If you're a loyal listener you know I've written several episodes on Egyptian pharaohs. Not another one of your Dr. Death episodes? Yep, but this time it is not about King Tut, but Ramses the third who ruled Egypt in its twentieth dynasty between 1186 and 1155 BCE.
Ramses defended Egypt from three foreign invasions and developed industry and trade with Africa's Somali coast. The middle of his reign was prosperous, but later, corruption and instability undermined his reign.
That's when his second wife, Queen Tiye, plotted to overthrow Ramses and install her son Pentawere as pharaoh. But ancient papyri document their failed coup and then trial. What they did not reveal is whether the conspirators killed Ramses before getting caught. Ancient records show Ramses died that same year, but not how he died.
Well, we no longer have to guess. Scientists recently managed to run CT scans on the Pharoah and a man buried with him suspected of being Pentawere. The scan revealed Ramses throat had been slit deeply and probably killed him immediately.
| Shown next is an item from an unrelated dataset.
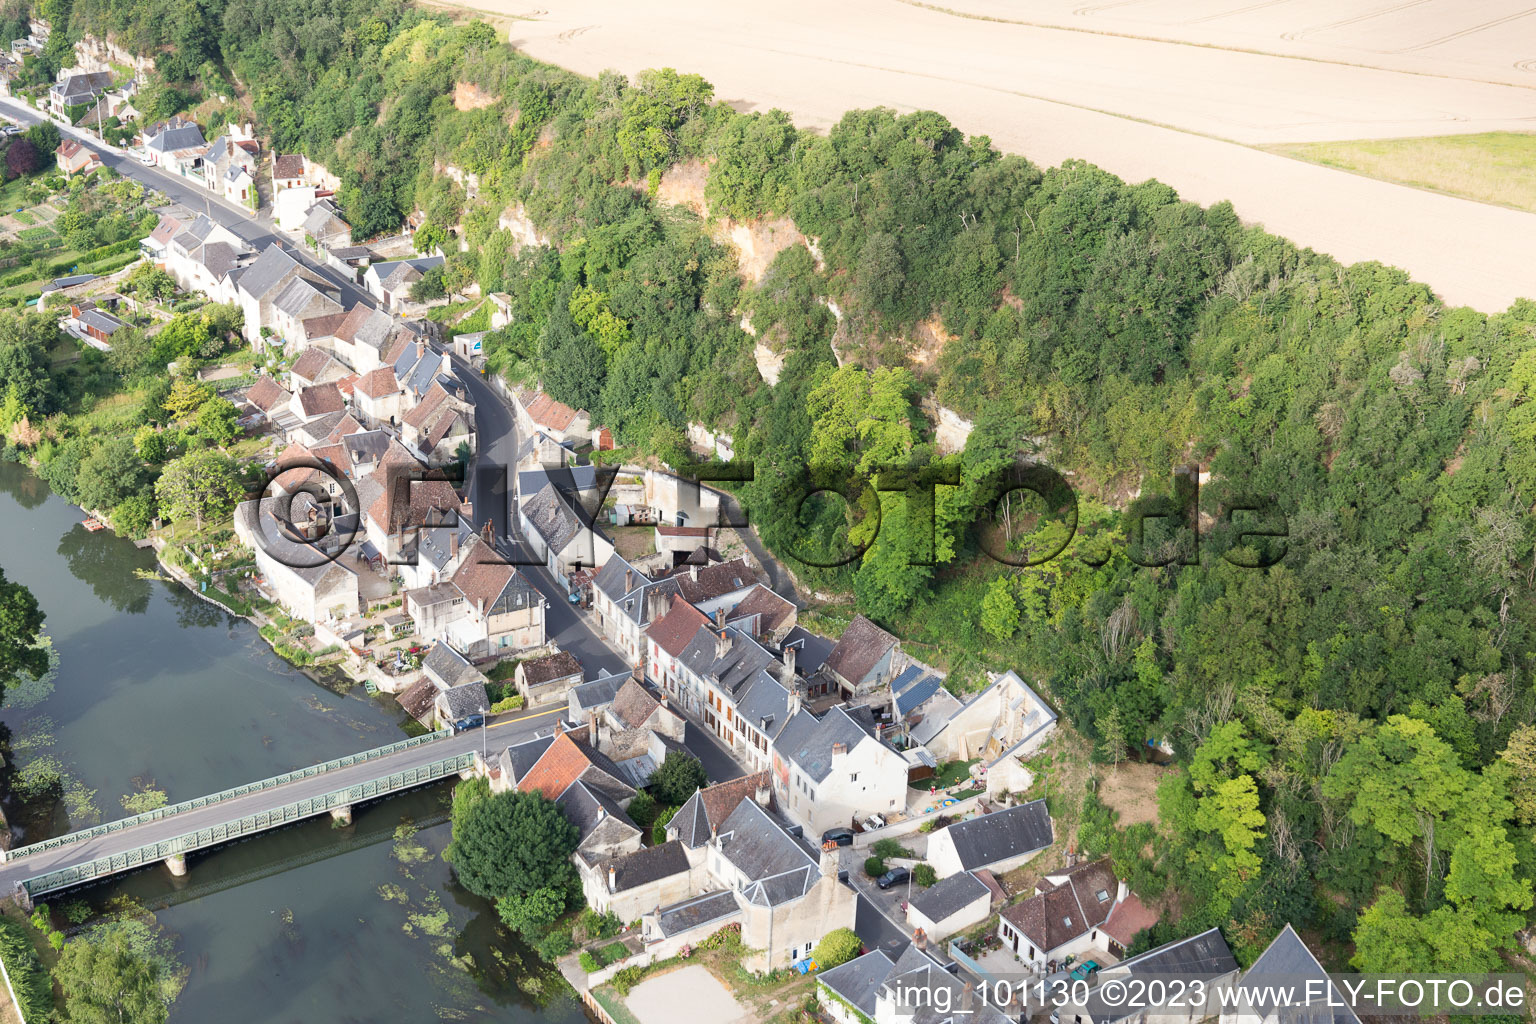 Saint-Rimay im Bundesland Loir-et-Cher, Frankreich von der Drohne aus gesehen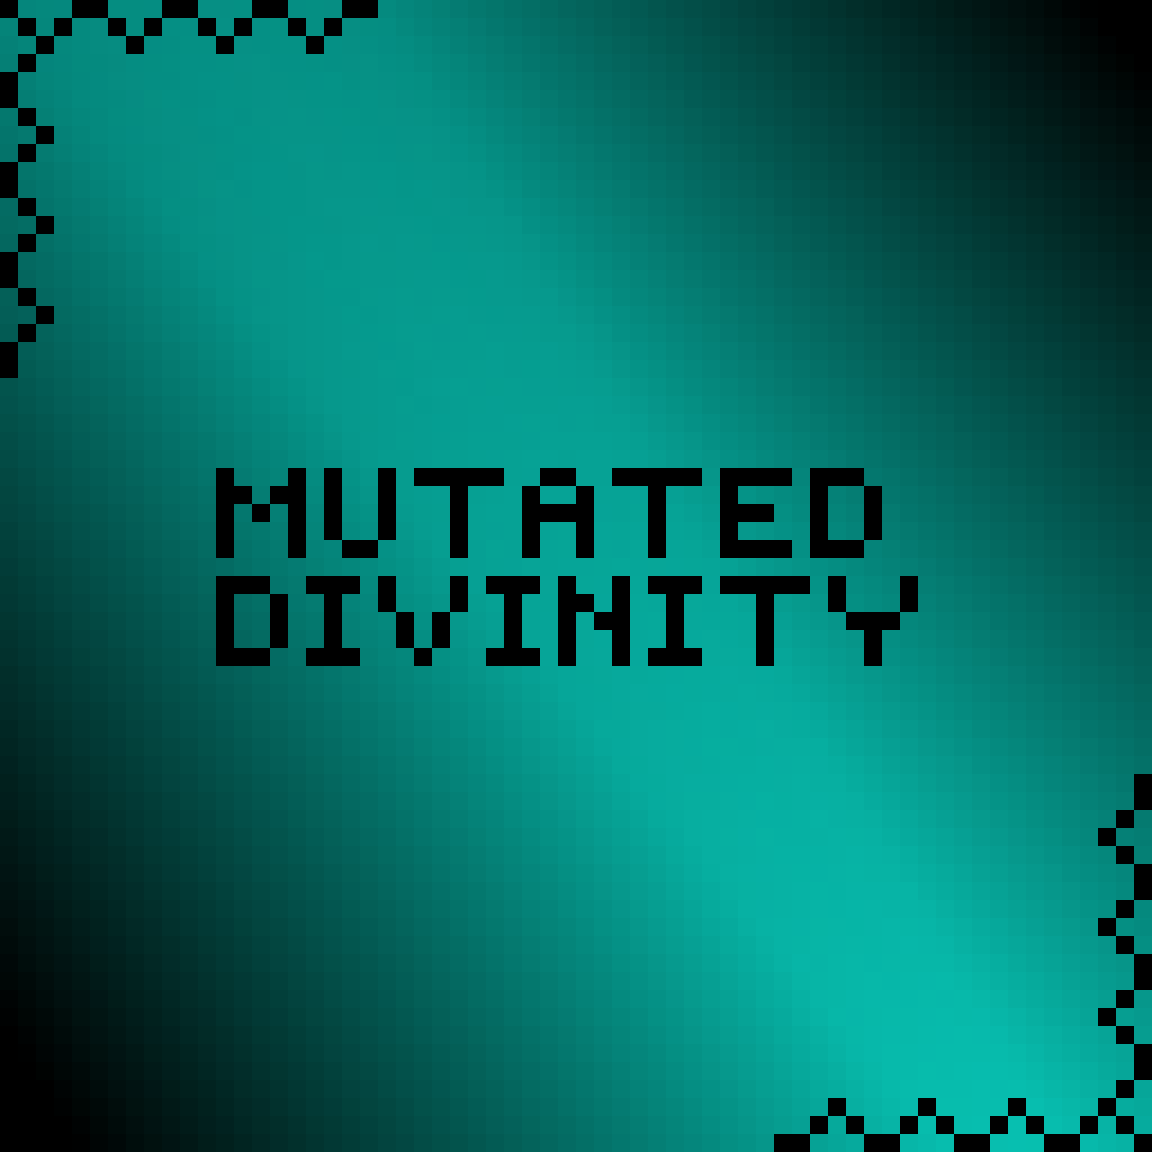 Mutateddivinity

Inside the wound, they found a Horus eye amulet - a metaphor of royal power and protection which embalmers likely inserted to promote healing in the afterworld.
By contrast, the second mummy, an eighteen to twenty-year-old man, was embalmed improperly and covered with a ritually impure goatskin which scientists interpreted are to punish him in the afterlife. His neck also bore evidence he may have been strangled. Finally, DNA analysis of the Y chromosomes of the mummy and Ramses reveals they were likely father and son. Another of history's mysteries is solved.